Archive for the ‘Covid-19’ Category

Over the years I’ve read about a number of epidemics in various parts of the world – SARs, the various Ebola outbreaks, the Zika virus, Swine fever – I’m sure you all remember reading about them just as I do. I certainly did, but they all seemed fairly academic, and while of course I empathised with the sufferers as much as I could, it all seemed rather remote.

Now we have Covid-19, the official name for what has generally been referred-to as the Coronavirus, and this one has hit home much more with me. That’s because one of the places at risk is Singapore, which is a country and city that I have visited and enjoyed several times, and have come to – yes – love. It’s one of those places where I just feel at home. And now it faces great risk, of at least significant economic and social disruption, and possibly major health risk to its population.

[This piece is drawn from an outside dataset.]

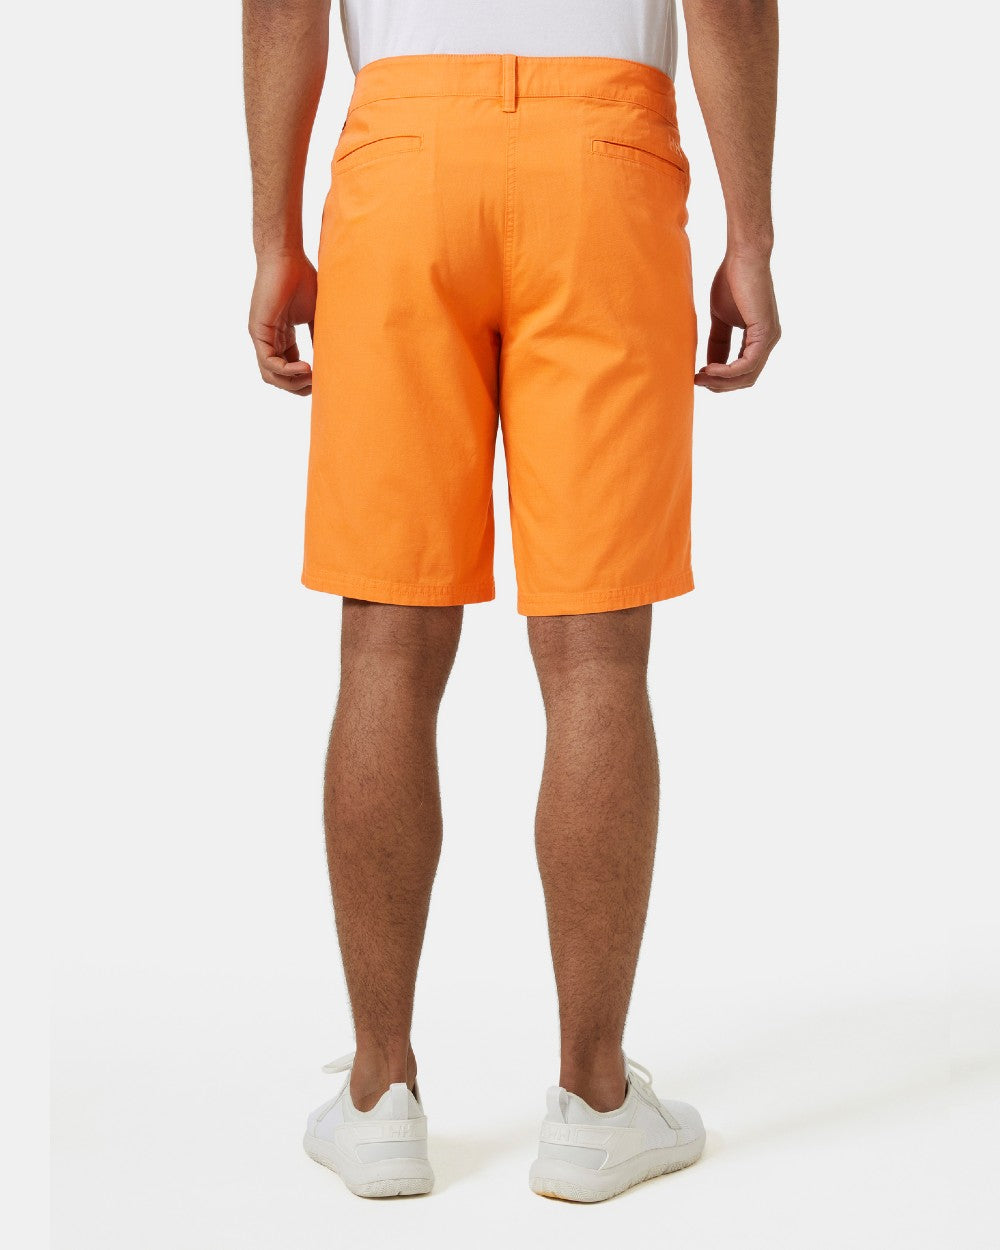 Poppy Orange coloured Helly Hansen Mens Dock Shorts on grey background 
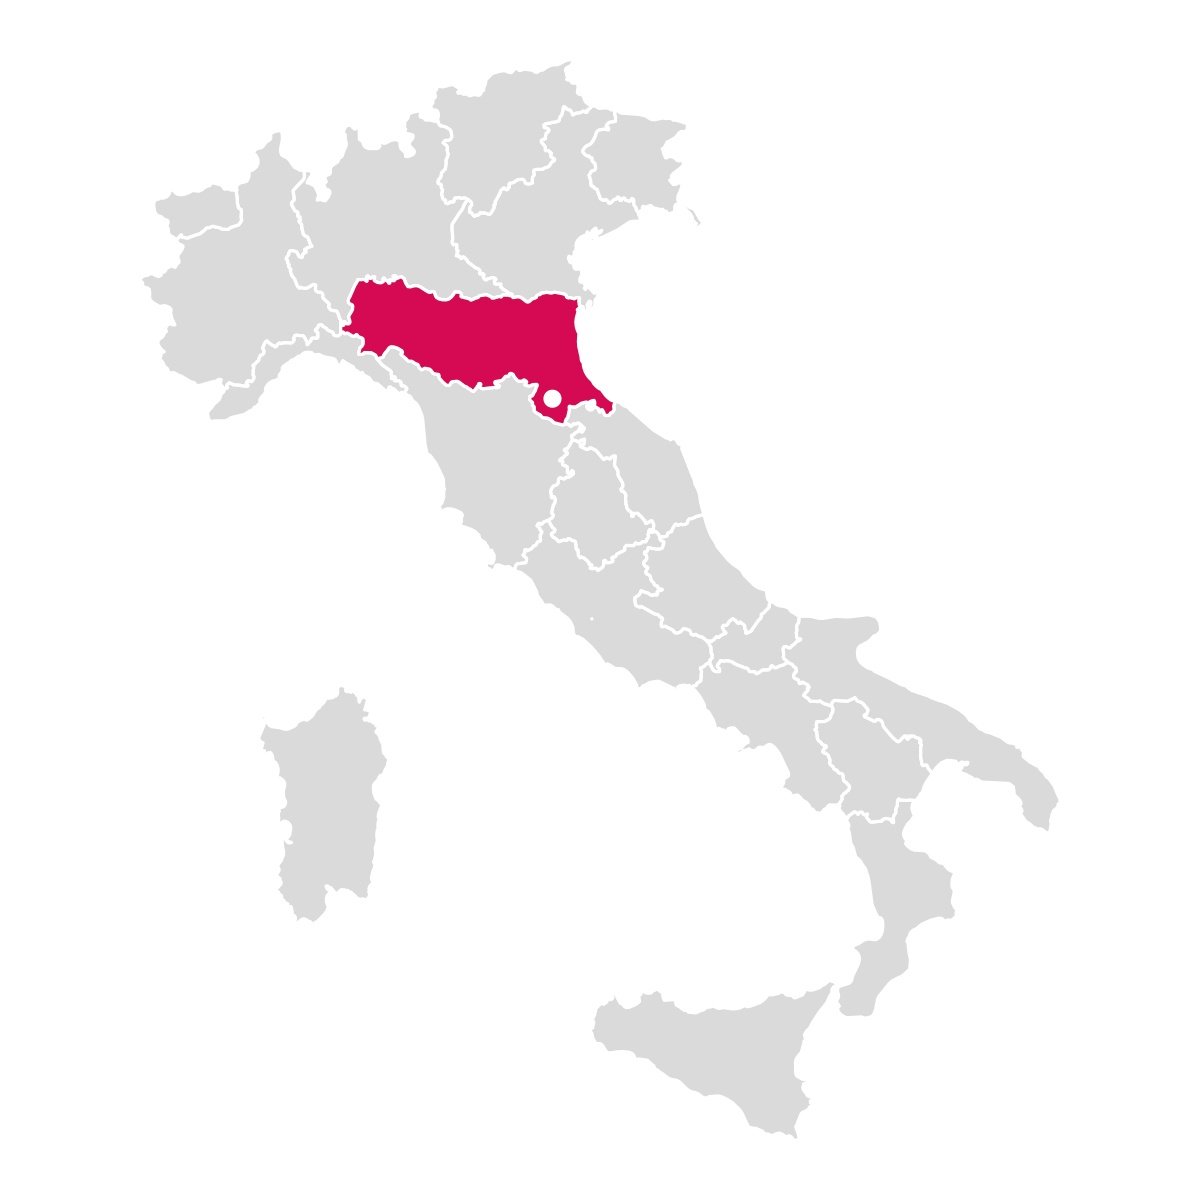 Valbonella è apochi passi dal Parco Nazionale delle Foreste Casentinesi tra Emilia-Romagna e Toscana

There are many reasons why Singapore is especially vulnerable. It’s a very small country, physically, with a significant population, and the population density is therefore high. The nature of life in Singapore is to be very sociable – eating in restaurants, hawker centres or food courts, going to coffee bars, shopping either in the glitzy malls along Orchard Road or in more local shopping centres, and just generally socialising are all key aspects of life in Singapore. There is a huge amount of international travel, in and out of the country. A significant number of non-Singaporeans with PR (Permanent Resident) status are from nearby nations, especially Malaysia, and frequently travel back and forwards. Then there is tourism. In 2018 almost 15m tourists visited Singapore. That’s not very high for Asia, but it has to be remembered that all of those tourists will be heading to the same places in that tiny country – Marina Bay, Gardens by the Bay, and so on. And finally there are the business travellers; Singapore is one of the greatest international business centres in the world. A single sales conference in January, attended by 100 people from all over the world, resulted in 7 new cases of Covid-19 infection among attendees, and of course they passed it on to others. In one well-documented case a British attendee contracted the virus at the meeting and himself passed it on to at least 11 others. The numbers of people infected in Singapore is steadily rising, though not yet at the rate that has been in China, and restrictions on travel to and from Singapore are beginning to be discussed.

I’m confident that Singapore, in common with other affected countries, will beat this infection eventually, and of all the affected countries in Asia I would expect Singapore to do so most quickly – the small size and low number of international gateways can be an advantage here. Indeed it might even be best to accept a medium-sized, temporary hit and quarantine the nation in order to stop continual re-infection from travellers from infected areas. In the meantime, I can only hope that they can stay on top of it. And finally – and selfishly – I ought to report that I am now pleased that I visited Singapore in September last year instead of February/March this year. If I had followed the patter of previous visits, I could well have been there now!